The Pound Sterling (GBP) remains under pressure against the US Dollar early Thursday, reaching a two-month low near 1.2520. The selloff intensified as persistent US inflation data dampened expectations for near-term Federal Reserve (Fed) rate cuts.
Market Sentiment: Dollar Strengthens, Rate Cut Expectations Shift
Hotter-than-expected US Consumer Price Index (CPI) and Nonfarm Payrolls (NFP) data for March suggest the Fed may hold off on rate cuts. The March FOMC Minutes further reinforced a hawkish outlook. This scenario has bolstered the US Dollar Index (DXY), which hit a fresh four-month high near 105.30.
BoE Policymaker Offers Little Support
A hawkish stance from Bank of England (BoE) policymaker Megan Greene failed to buoy the Pound. Greene cast doubt on expectations for a BoE rate cut pivot ahead of the Fed, stating UK inflation is proving more persistent than in the US due to a tight labor market and energy-driven trade shocks.

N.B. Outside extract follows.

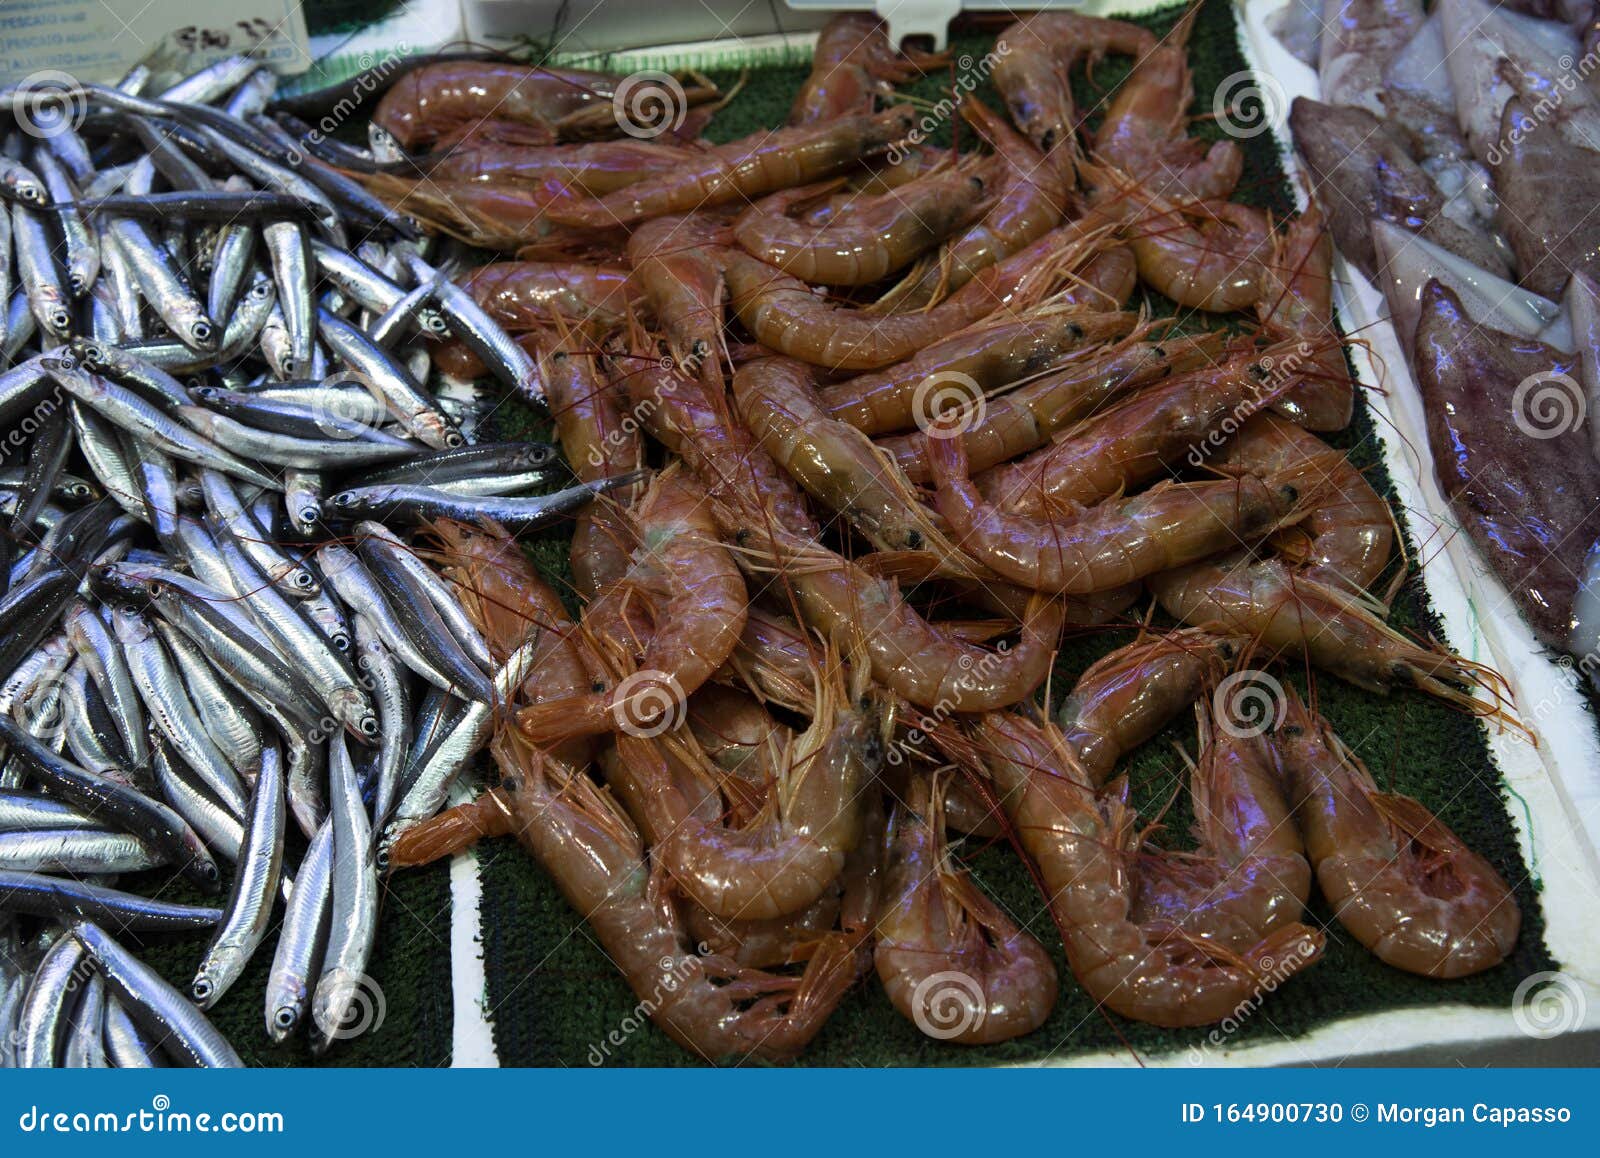 Daily Fish Market In Rome Stock Photo Image Of Background

Technical Outlook: GBP/USD Eyes 1.2500, RSI Signals Bearish Bias
Risk-off sentiment continues to pressure GBP/USD towards the key psychological support of 1.2500. A decisive break below this level could trigger a steeper decline. The pair approached the 200-day Exponential Moving Average (EMA) at 1.2570, a previously significant support area. The 14-period Relative Strength Index (RSI) near 40.00 signals increasing bearish momentum.